1503 Bay Ave, Point Pleasant, New Jersey, The United States of America / MABU Architecture LLC

The American Institute of Architects(AIA) Design Award, Honor Award, New Jersey Chapter

A makeover of an ordinary commercial building that never got much of a second look. A modest sleight-of-hand rather than a grandiose, iconic architectural signature. As straight-forward in use as it is enigmatic in appearance. As if almost nothing had changed.

This project is a small warehouse located along a commercial strip in a mixed-use suburban neighborhood. Adjacent to an excavation company’s parking lot, down the street from a roadside motel, and mixed in with a collection of former single-family homes converted into professional offices, this renovation of a non-descript 1-story machine shop is situated within a scene of vernacular ubiquity - a place in which architecture appears to be conspicuously absent.
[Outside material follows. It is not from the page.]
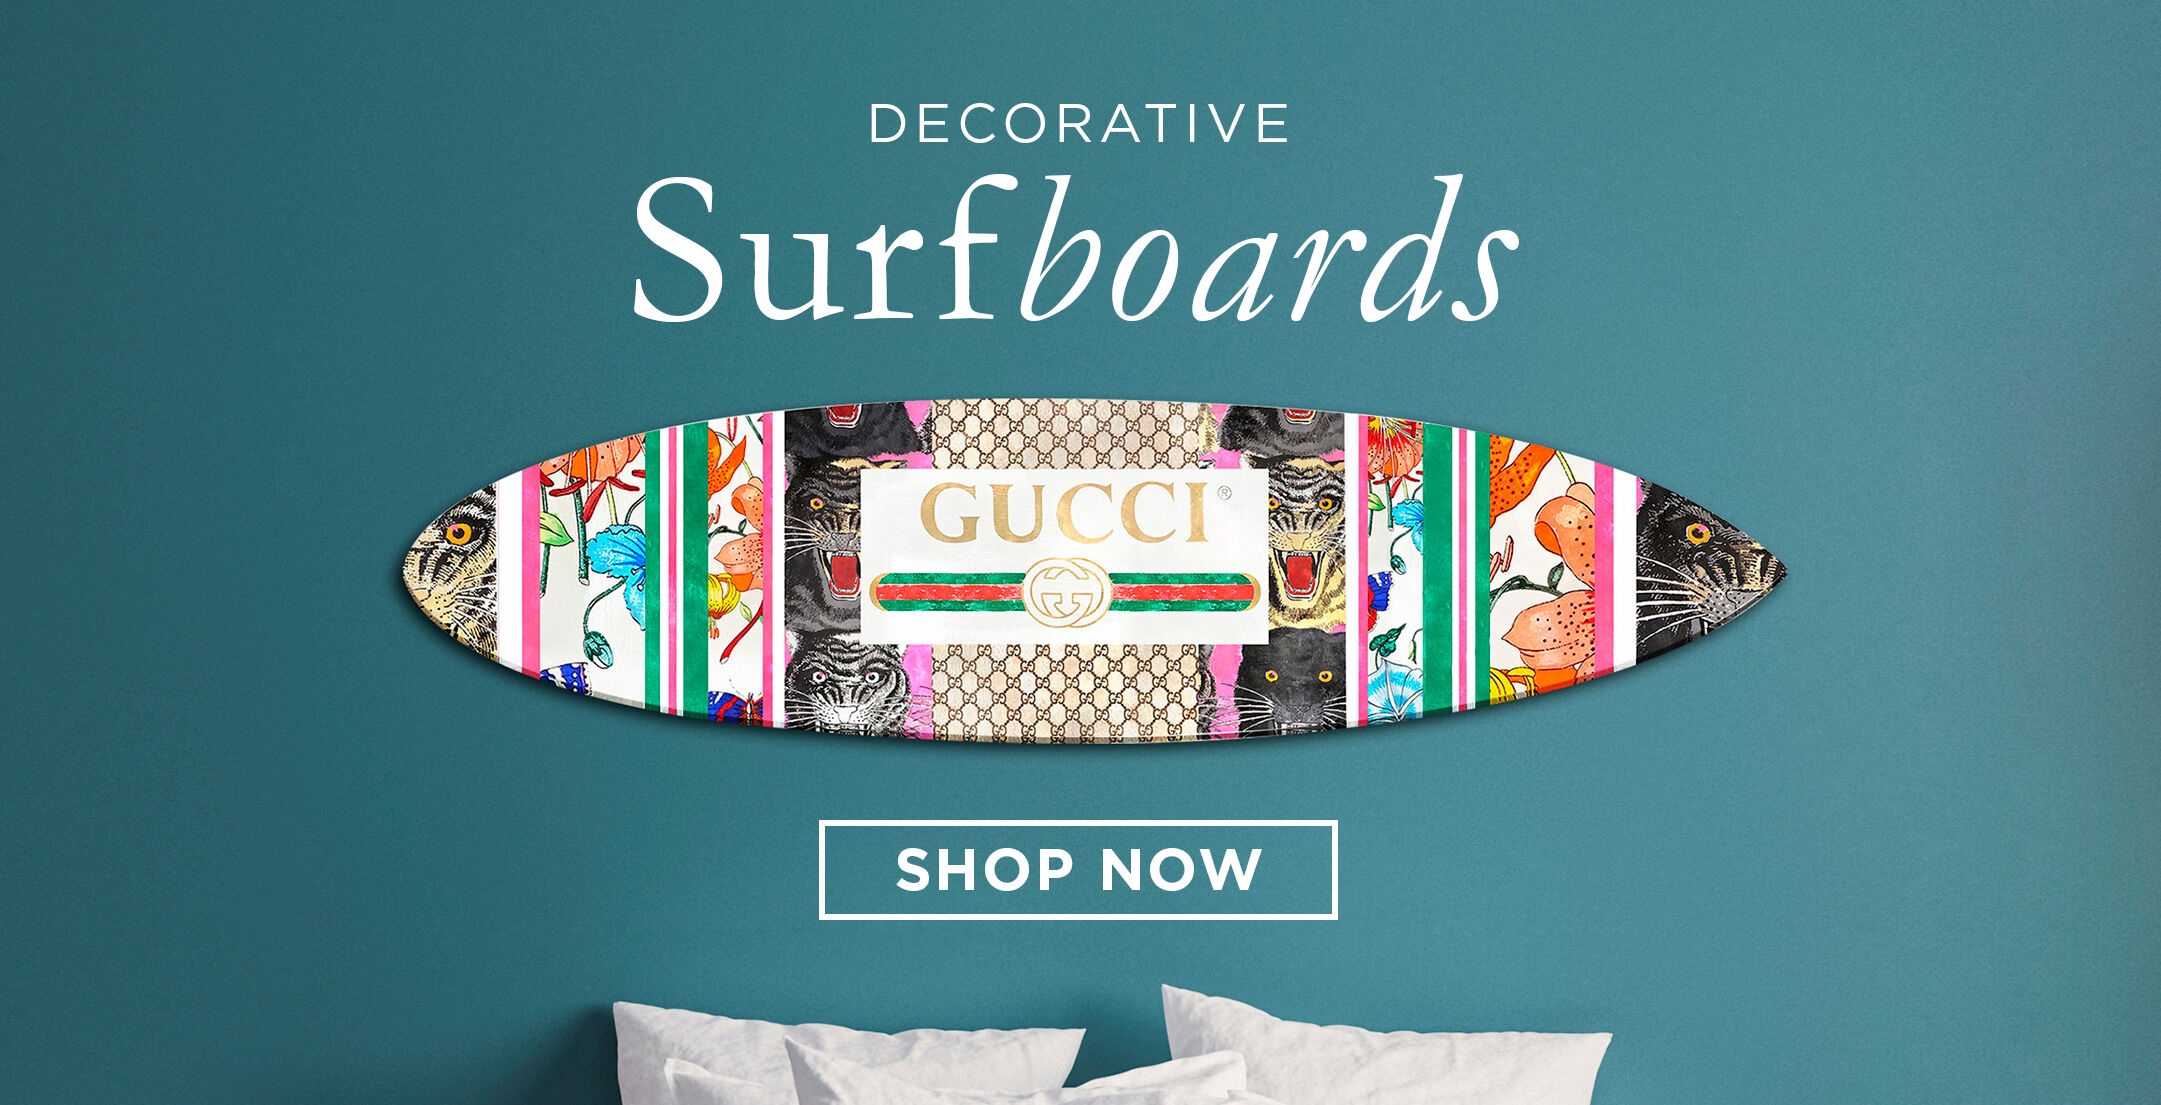 Decorative Surfboards

The scope of work includes exterior and interior alterations to an existing primary structure, a new accessory structure, and general site improvements. A new site plan transforms what was an undeveloped lot into a multi-building complex with an integrated series of enclosed gardens and flexible work yards. The primary function of the new 2,000 SF program is the storage of commercial kitchen equipment. Storage, repair, and shipping activities are organized across a shared courtyard bookended by the old and new buildings. The main building doubles as a parttime showroom. Its key design feature is a public facade conceived of as an abstract, generic rectangle, with a blind entry door and no signage. It is compositionally clear, materially precise, but semantically blank. This building does not try to explain itself, put on a show, or beg for your attention. It is just there. Offering up a blank stare. Inspired by the “dead-pan” ethos of photographic documentaries of the “everyday”, such as Ed Rusha’s “26 Gasoline Stations”, as much as it is by the client’s desire for anonymity and modest budget, the new architecture is imbued with a “flat” affect that is both familiar and foreign. It aims to blur the line between what we understand as architecture versus not-architecture through the kind of attention that it seeks to engender - a “double take”.